Exemple : nous faisons apparaître par suggestion hypnotique une croix rouge sur une feuille de papier blanc. Au réveil, le sujet aperçoit la croix à la place qu’on lui a assignée ; il la voit sur cette feuille de papier seulement ; si on le prie de regarder une autre feuille de papier ou de jeter les yeux sur l’écran, le sujet n’y retrouve pas la croix, comme il y retrouverait une image consécutive ordinaire ; la croix rouge ne suit pas davantage le mouvement des yeux. Enfin, quand le sujet a eu le soin d’entourer d’un trait à l’encre la croix imaginaire, et qu’on éloigne la feuille de papier sur laquelle cette croix est fixée, le sujet ne voit pas la croix s’agrandir et déborder en quelque sorte la ligne de contour qu’il a tracée.

Ces différences entre l’image hallucinatoire et les images visuelles précédemment décrites, ne sont pas inexplicables ; elles nous paraissent naturelles, et même nécessaires. Mais nous devons avertir qu’ici nous entrons dans le domaine de l’explication.
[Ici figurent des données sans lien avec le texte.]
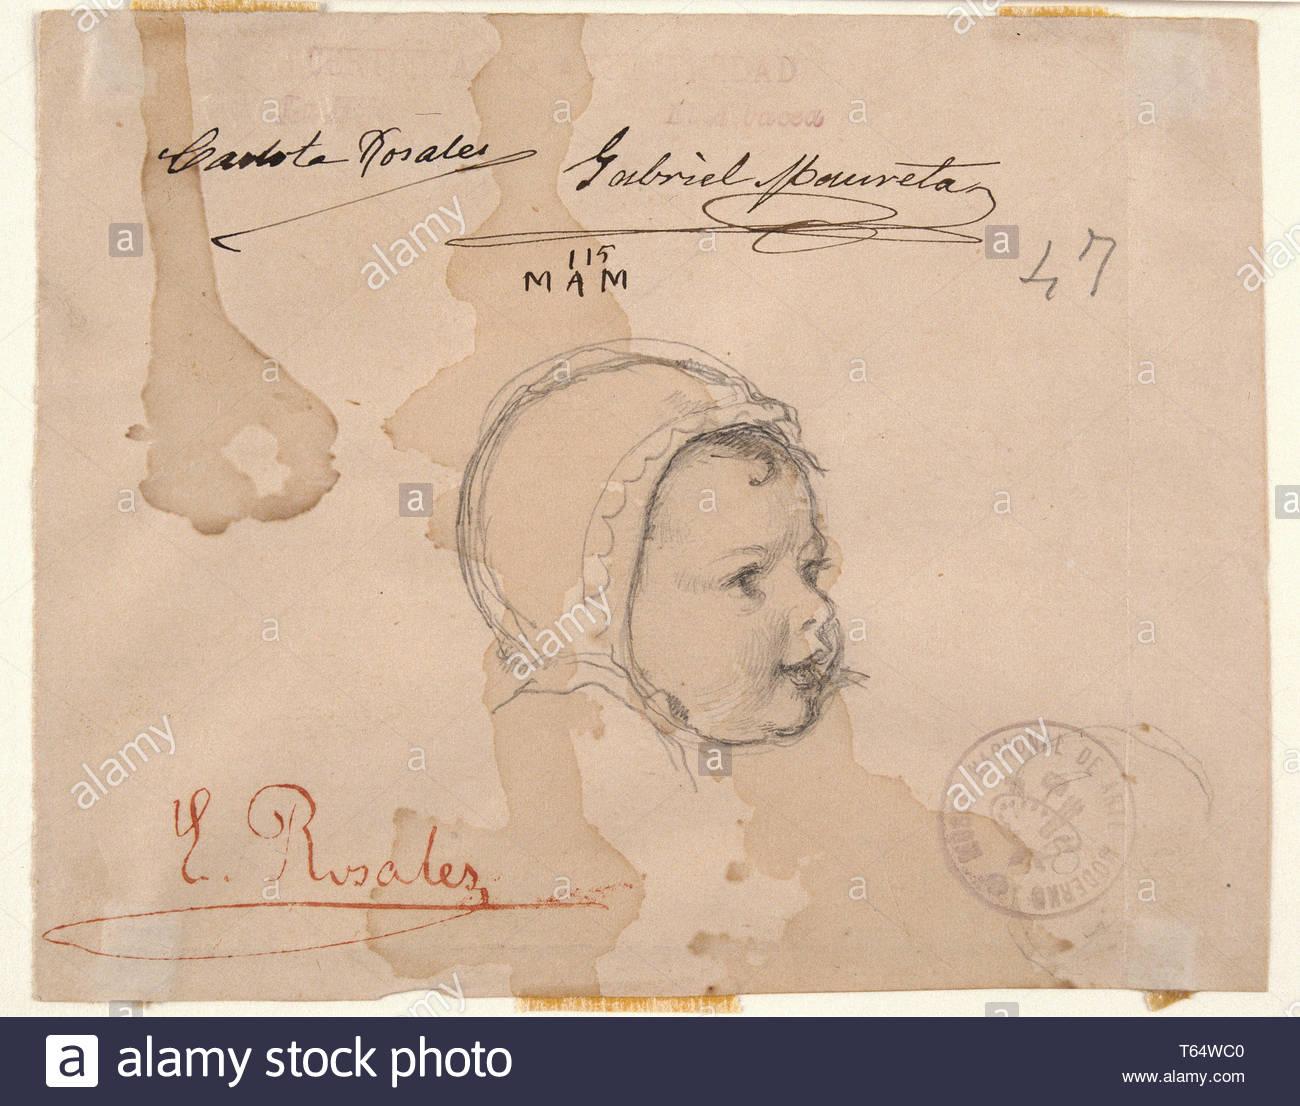 Rosales, Eduardo-Eloisa Gallinas, hija del artista2 Imagen De Stock

Il est facile de comprendre, suivant nous, comment il se fait qu’une image purement mentale, intra-cérébrale, comme celles qu’on provoque en excitant le tégument insensible, présente ces deux propriétés, de s’agrandir quand on éloigne l’écran sur lequel on la projette, et de suivre les mouvements du regard ; cela tient à ce que cette image

  1. Binet, Psychologie du raisonnement.